Je lis le "journal de marche" de mon grand-père, sur la route d'Indochine, de 1946 à 1948 :
"Après avoir longé et admiré depuis l'aube le panorama exotique et merveilleux des îlots qui jalonnent l'étroit chenal naturel au centre de l'archipel
des îles de la Sonde, nous entrons en rade à Singapour, et nous restons au large à attendre le ravitaillement du ferry-boat et du mazoutier. Pendant que le steamer se frayait un passage entre les
îles, je me croyais parfois transporté dans ma tendre jeunesse, et avais le sentiment de revivre le fabuleux périple de Robinson Crusoë. Il m'a alors semblé retrouver en ces îles l'enchantement
de merveilles déjà connues, ou plutôt ardemment désirées. Etrange impression, penseront certains, mais que n'éprouve-t-on pas d'irréel et d'insaisissable en soi-même sous ces latitudes ?"

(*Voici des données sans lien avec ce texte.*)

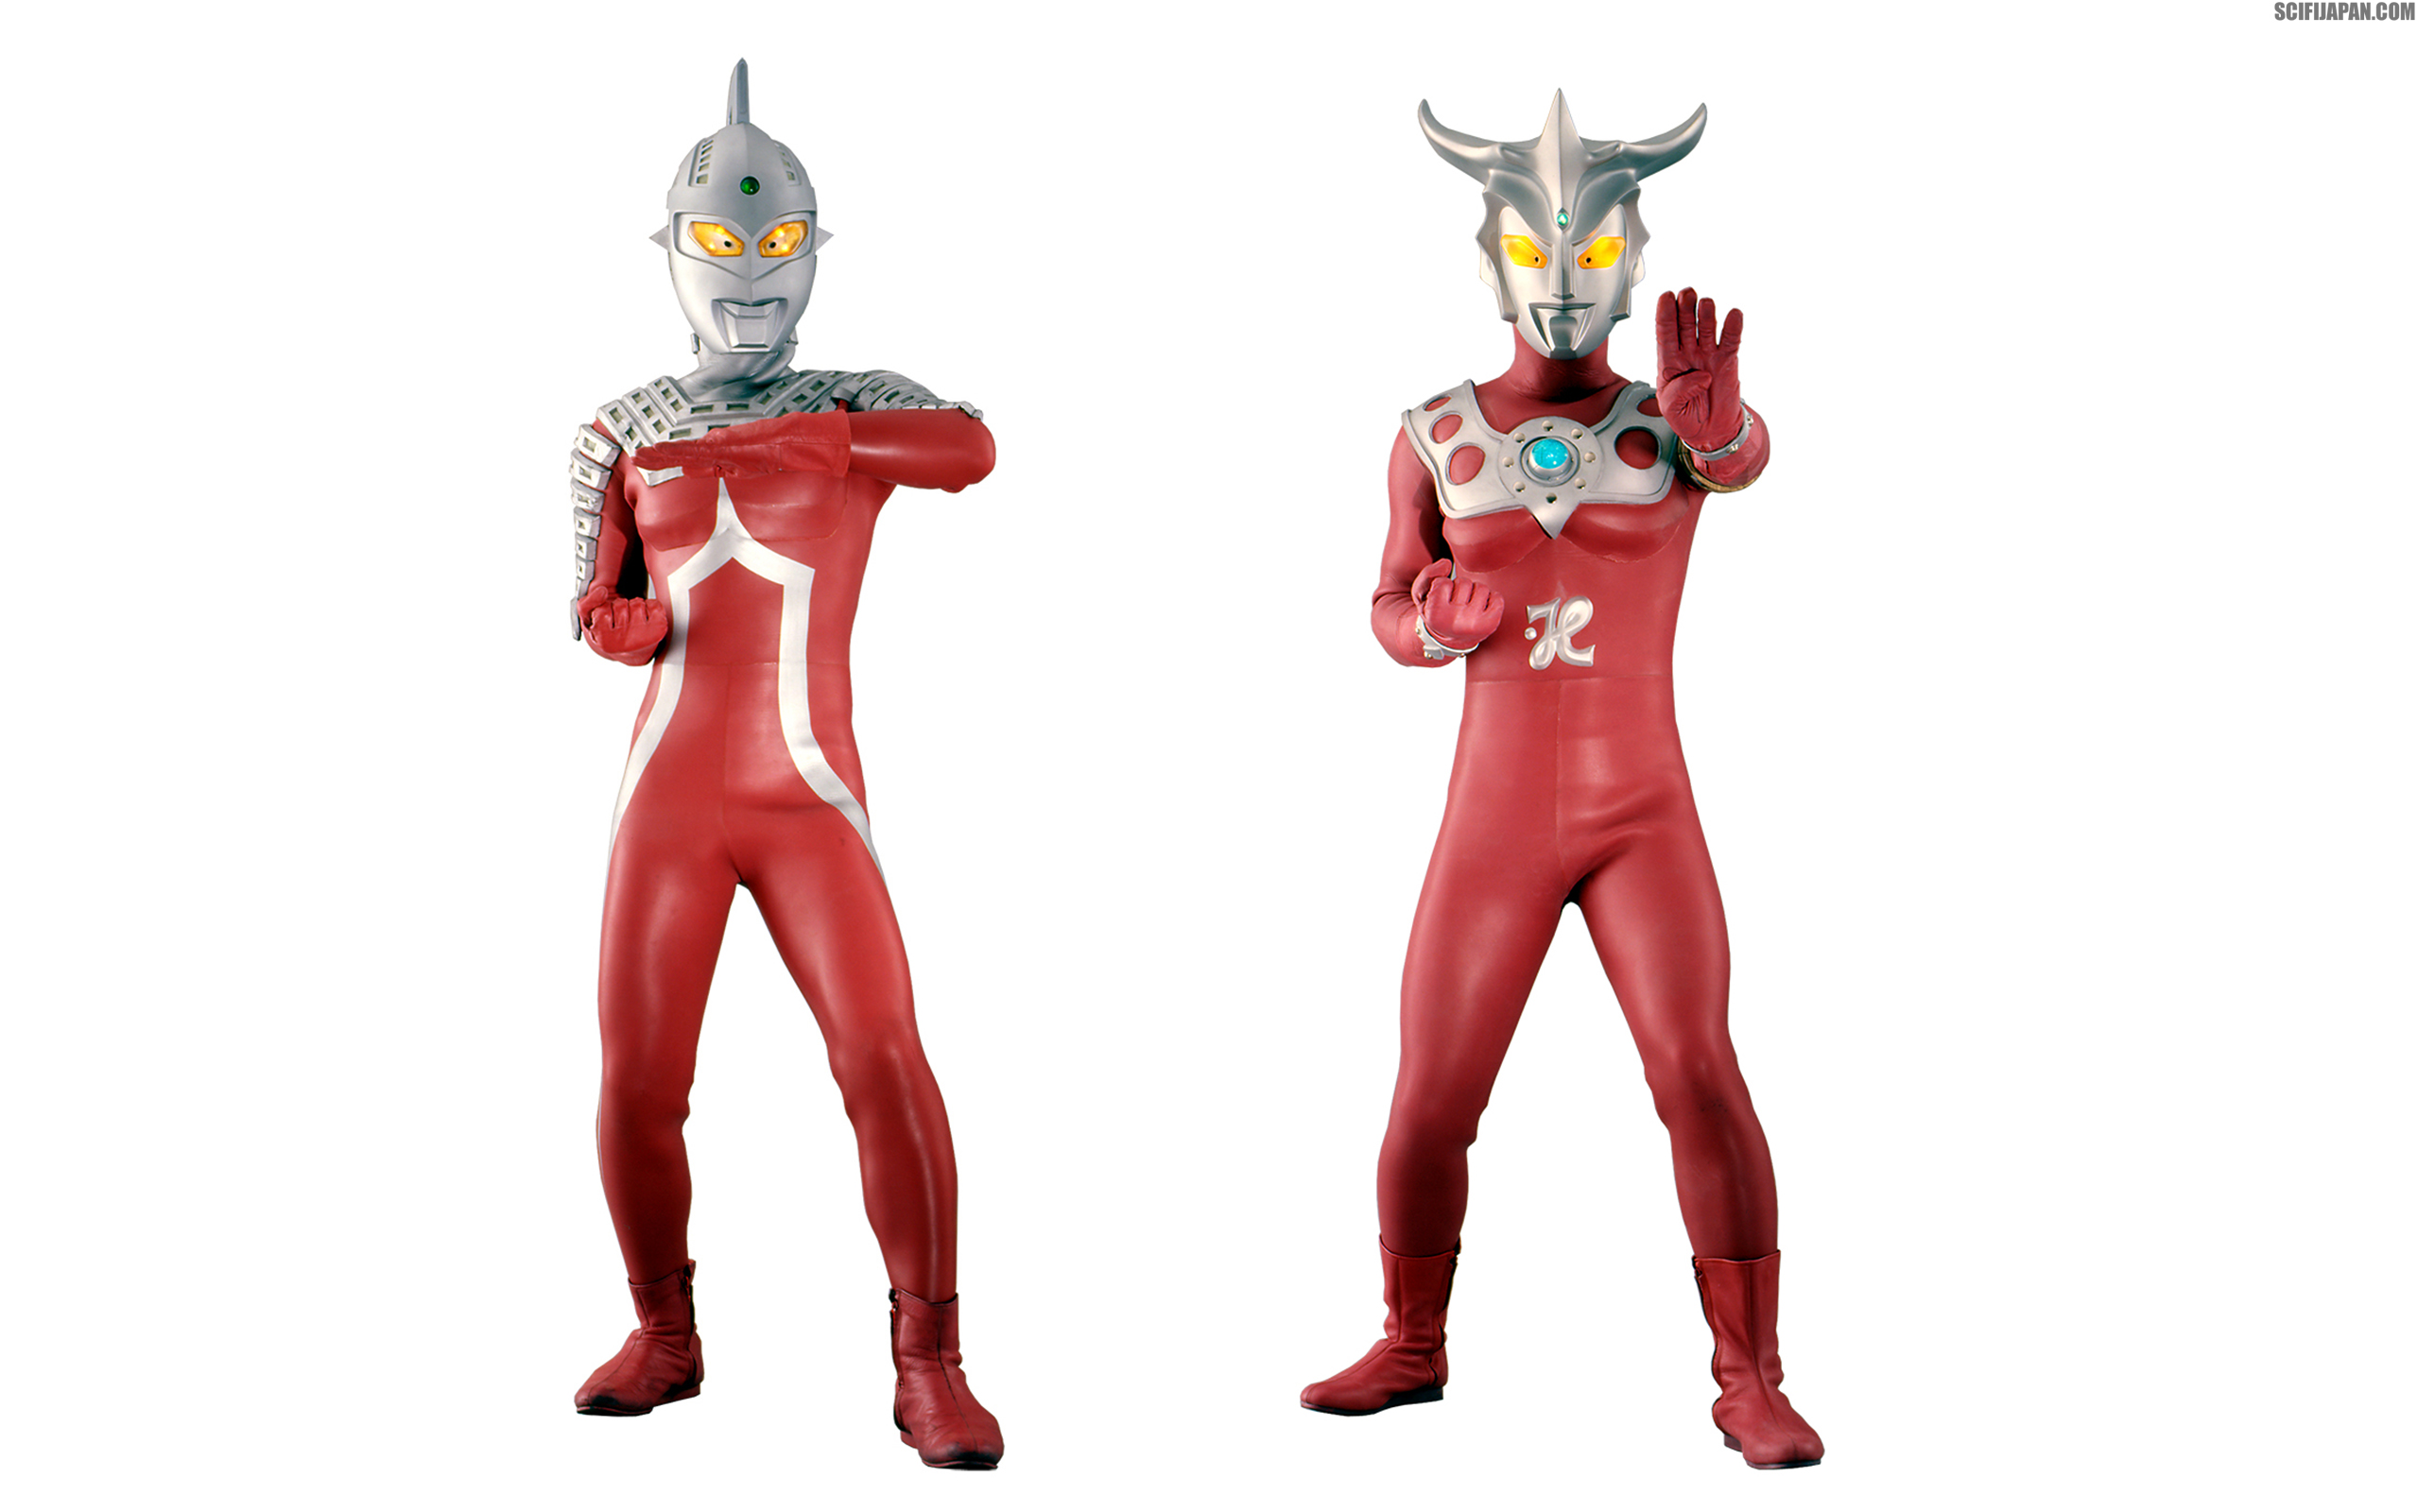 ULTRAMAN Z (ZETT) - Press Notes and Large Photo For New TV Series From Tsuburaya Pro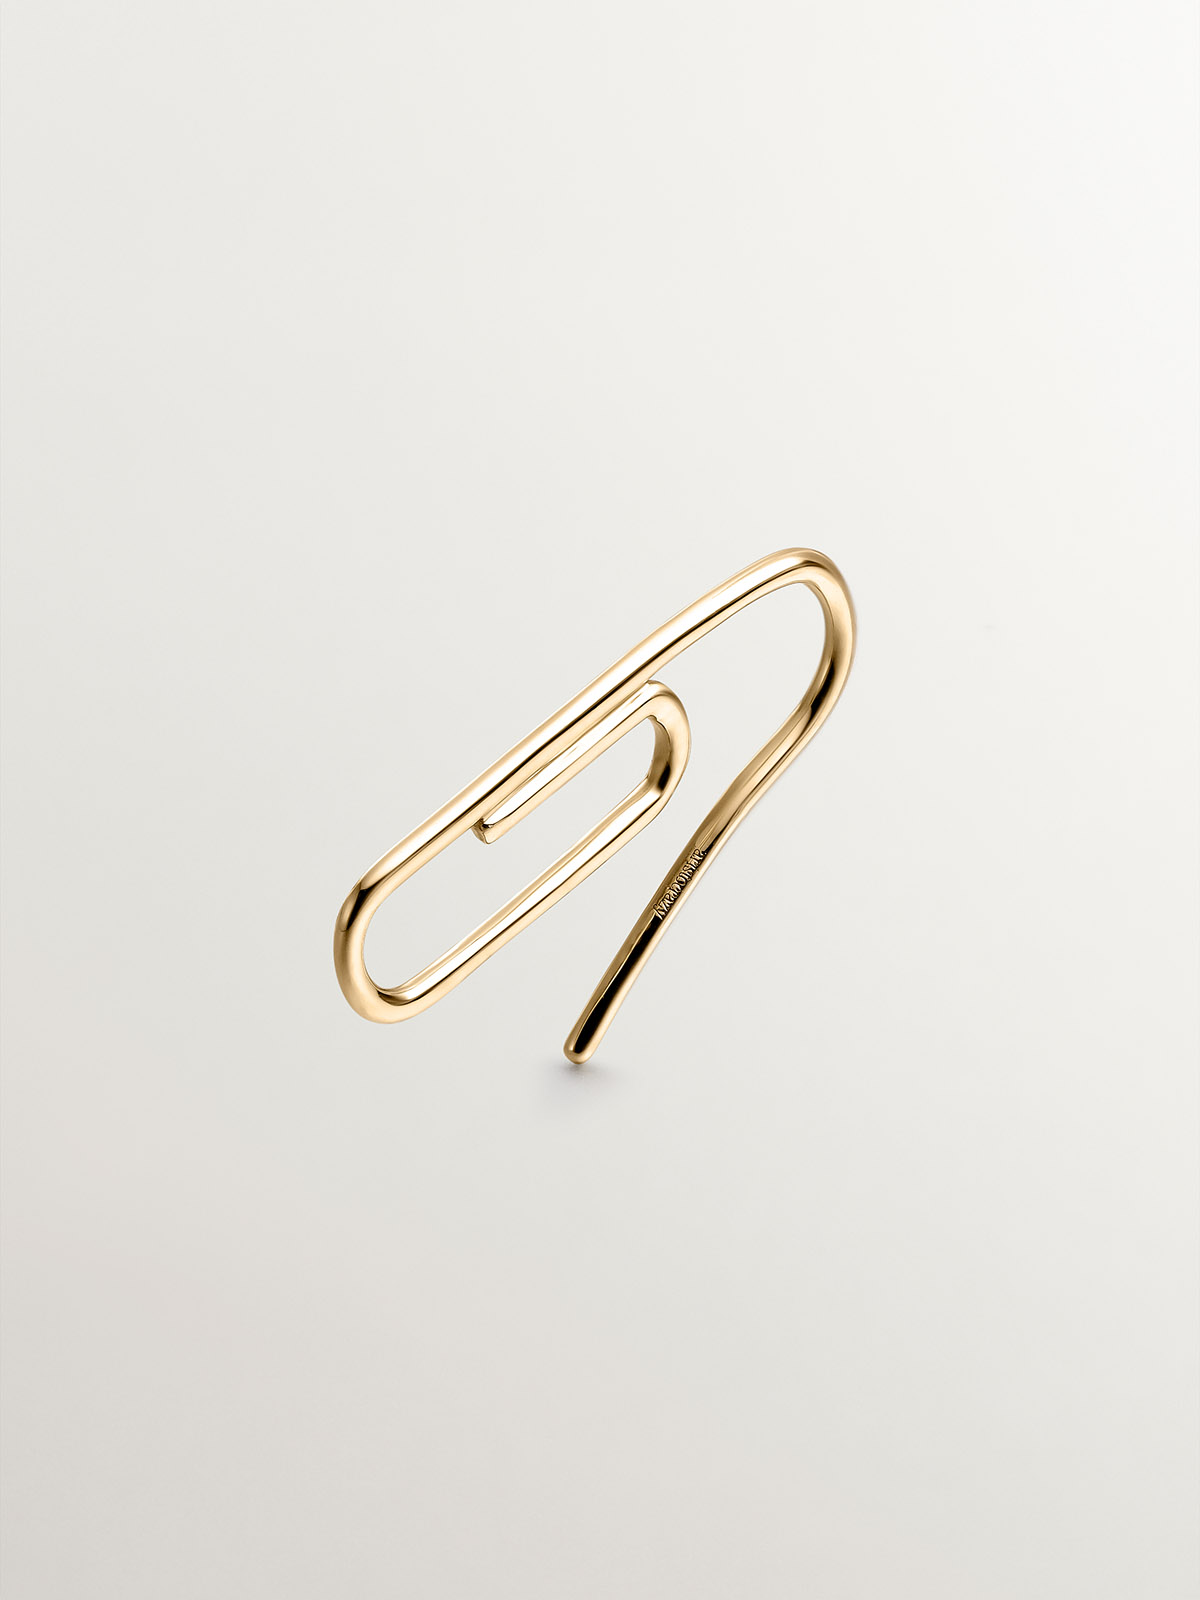 Individual 9K yellow gold earring in the shape of a clip.

Lorsqu'il m'a remis ce carnet, j'ignorais qu'il avait écrit. Je savais son goût des mots, et la finesse de sa calligraphie. Fût-ce sur une carte d'anniversaire, il a toujours eu le souci du mot
juste. J'ai pourtant découvert avec fascination ses écrits de jeunesse. Il avait 18 ans. Je découvrais le jeune mousse qu'il fut derrière le vieil homme qui m'est familier. Et, surtout, nous qui
n'avons jamais parlé littérature, cette sensibilité qui nous réunit. Je sais l'ascendance de mes grands-parents, et plus particulièrement des figures paternelles sur ma vie et sur mon écriture.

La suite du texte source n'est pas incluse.